Facebook, puppies, and freedom of speech

I had a comment yesterday on my 'Facebook no more' post, from a person claiming to have been the creator of a Facebook group called 'Stop Dalhousie University from murdering dogs and puppies'.

The group was set up in protest at alleged animal testing taking place at Dalhousie University in Halifax, Canada, and had apparently attracted several thousand members before Facebook took it down.

Briana, in his/her comment, suggested that the fact that Facebook had taken down the group was a compromise of his/her right to freedom of speech.

I followed this up, to discover that the university had issued a statement denying that it carries out tests on dogs and puppies. What interested me more, though, was that the statement also said that the university had initially tolerated the Facebook group, and even joined in the discussion on the group's 'wall' to address the accusations and point out the factual inaccuracies.

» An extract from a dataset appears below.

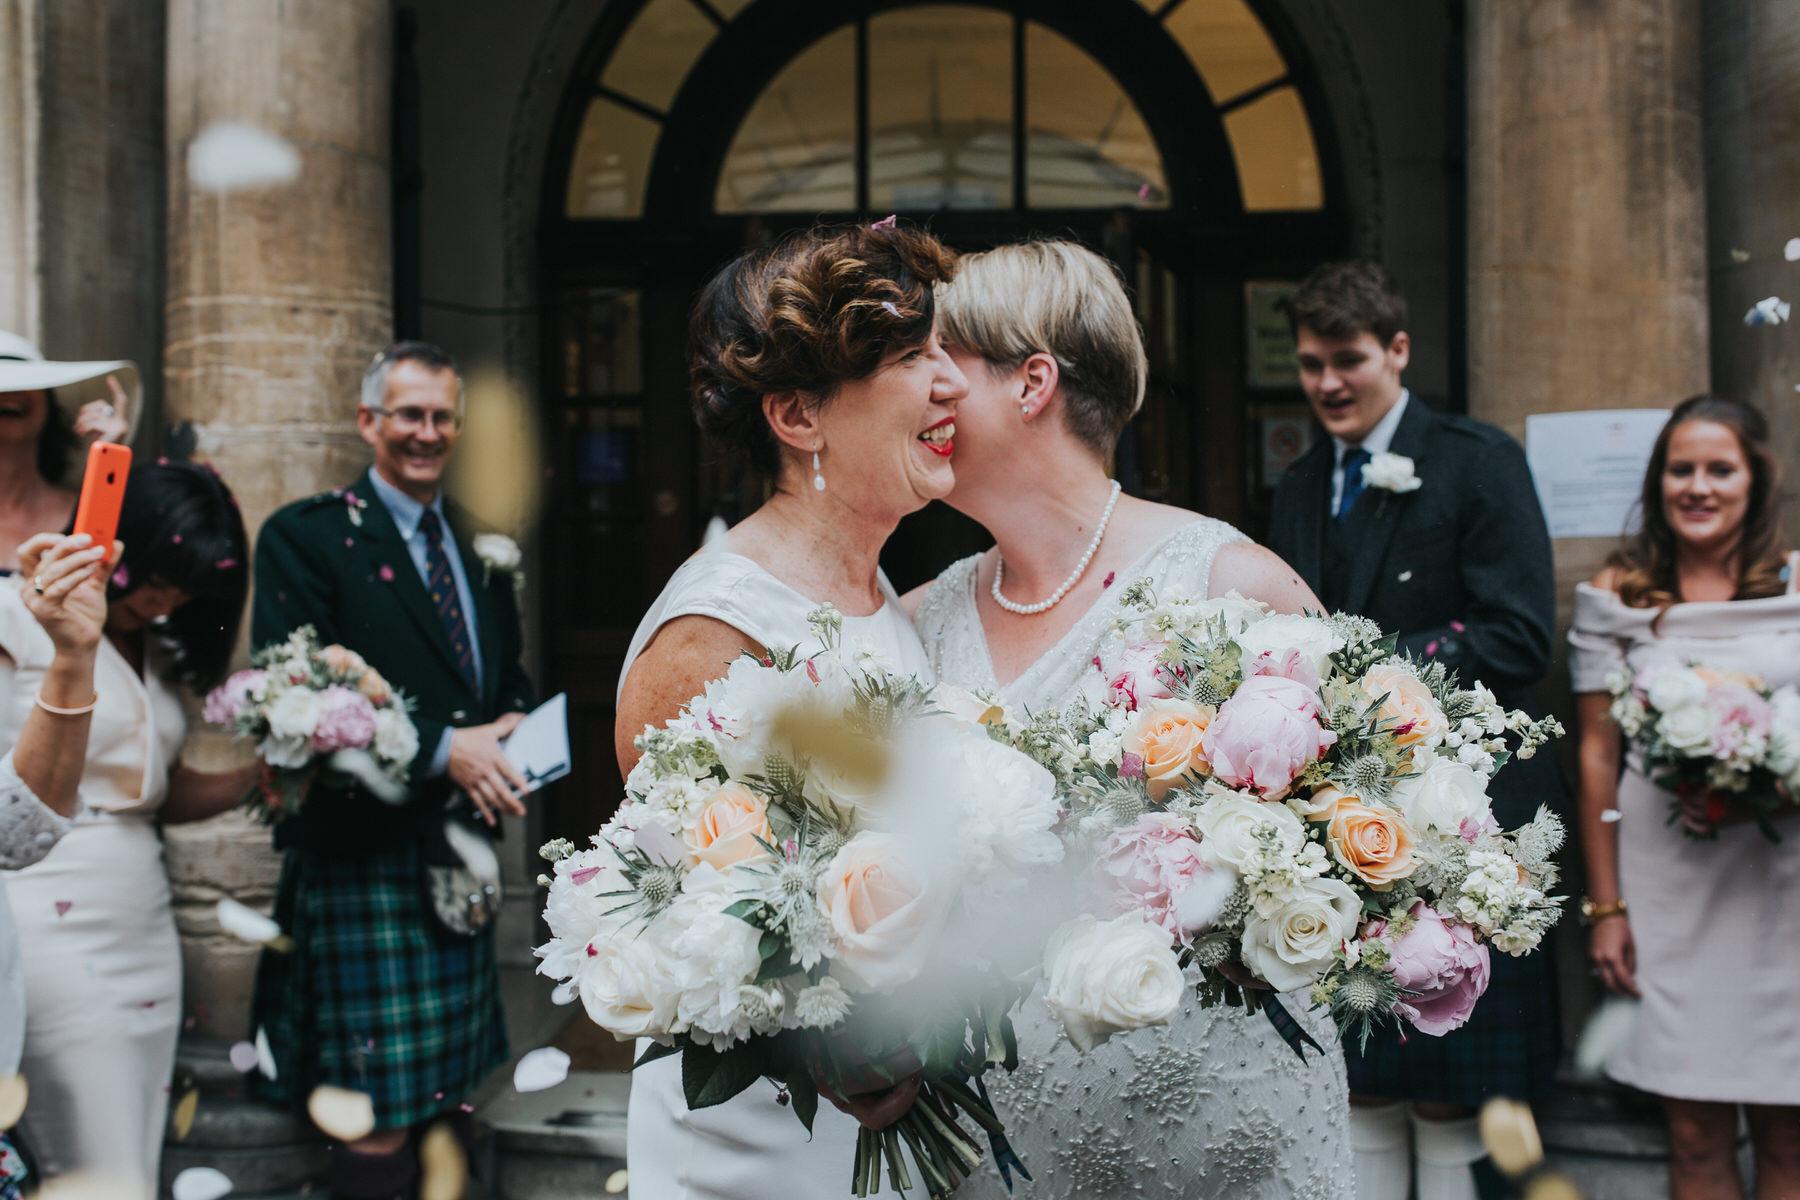 132-Finsbury Town Hall wedding two brides confetti.jpg

The university says it only complained to Facebook after the group's moderators removed the discussion wall, thus denying the university its right to reply to the accusations:

"The tipping point, from our perspective, was when the group's creator removed the discussion wall," said Jim Vibert, Assistant Vice-President of Communications and Marketing. "Originally, there was energetic discussion taking place in the group, with several Dalhousie students questioning the accusations. Given the open discussion, we had no problem with the group continuing at that point.

"But when the group's creator took down the discussion wall after people were criticizing the inaccuracies, the content that remained was just flat-out wrong, and that's something that our university simply could not tolerate."

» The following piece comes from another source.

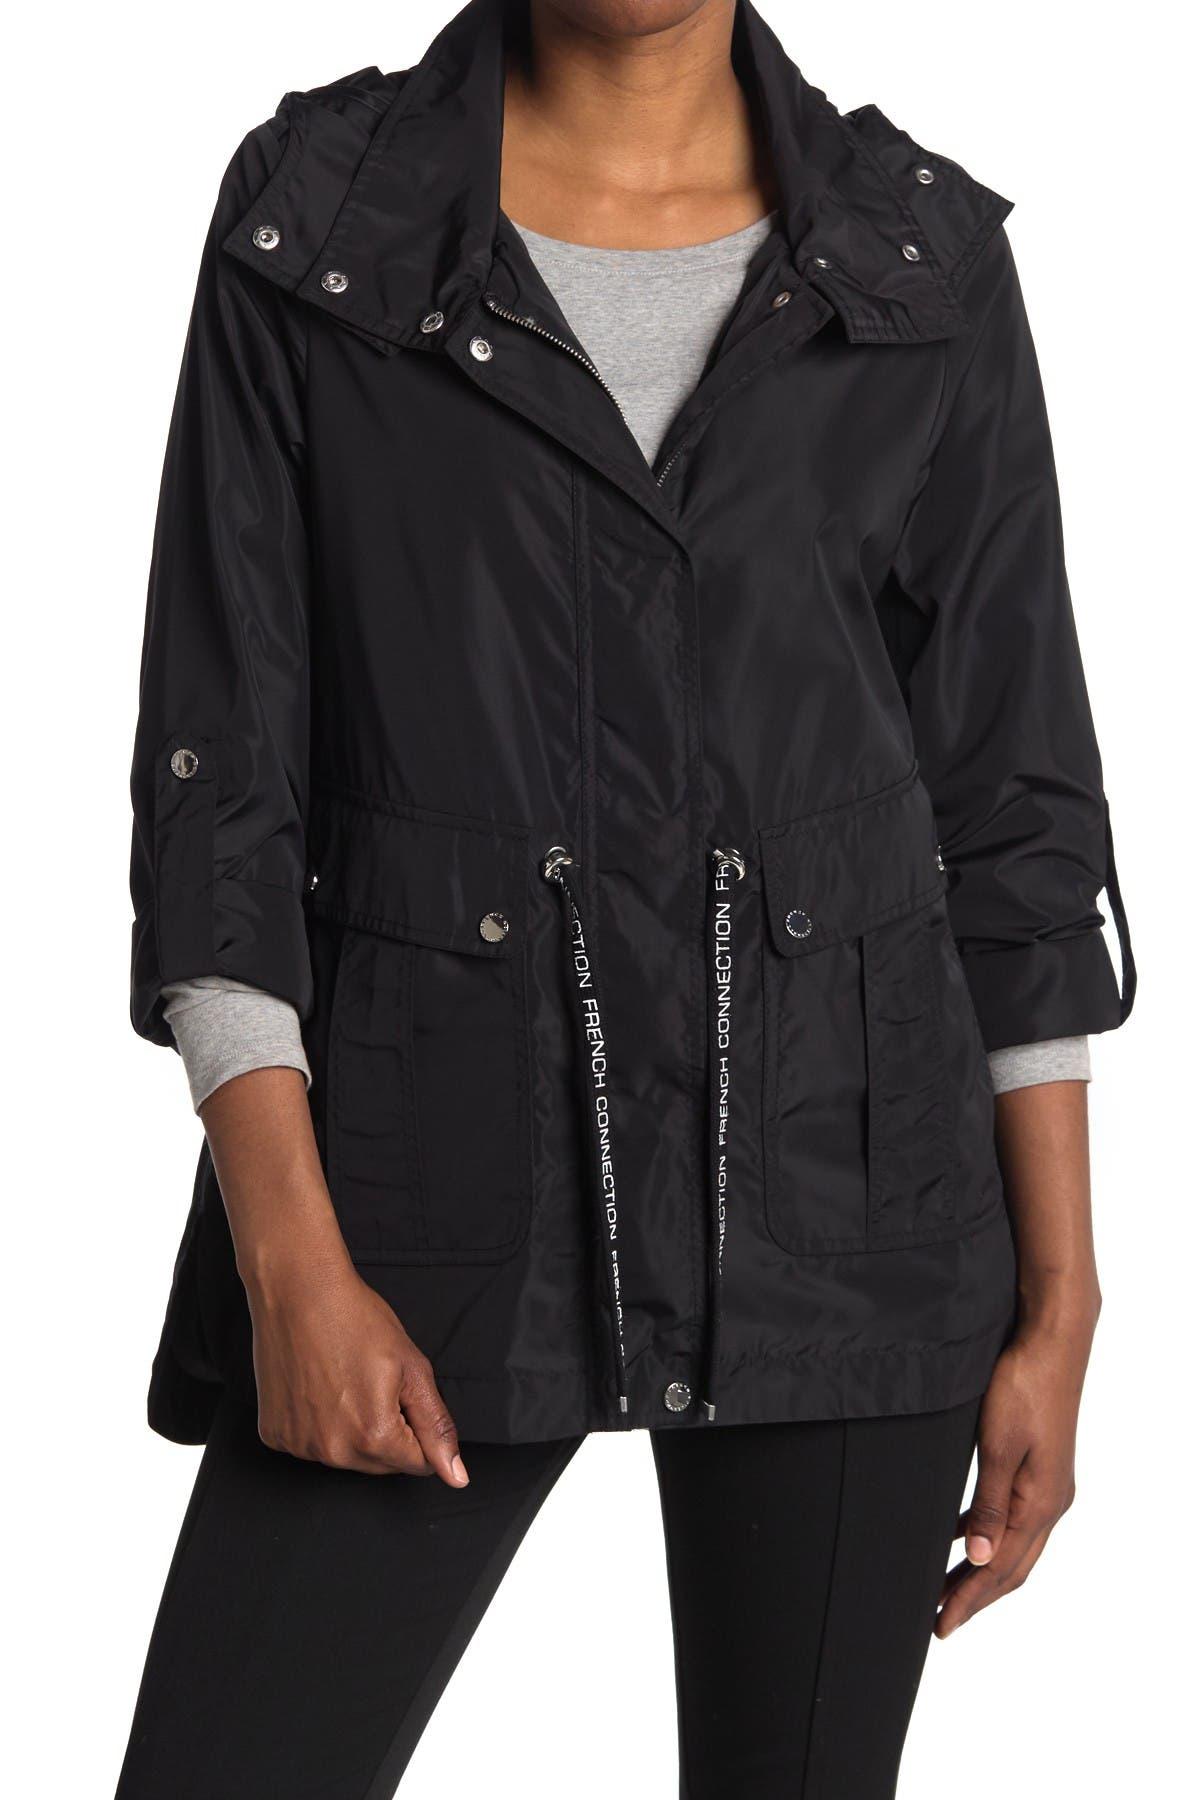 Image of French Connection Anorak Oversized Pockets Jacket

I see that the story has now started to gain some coverage in the Canadian press. But while spokespeople from the university have been widely quoted in the articles I've seen, I see no representation so far from Briana or any of the group's other officers. The Montreal Gazette says that 'Amy Scott', the group's founder, and who may or may not be my commenter Briana, 'could not be reached for comment'.

My message to Briana (if Briana is indeed Amy) is: if you truly want to exercise your right to freedom of speech, don't comment anonymously in the back of a blog that hardly anyone reads - take those press calls and put your side of the story across!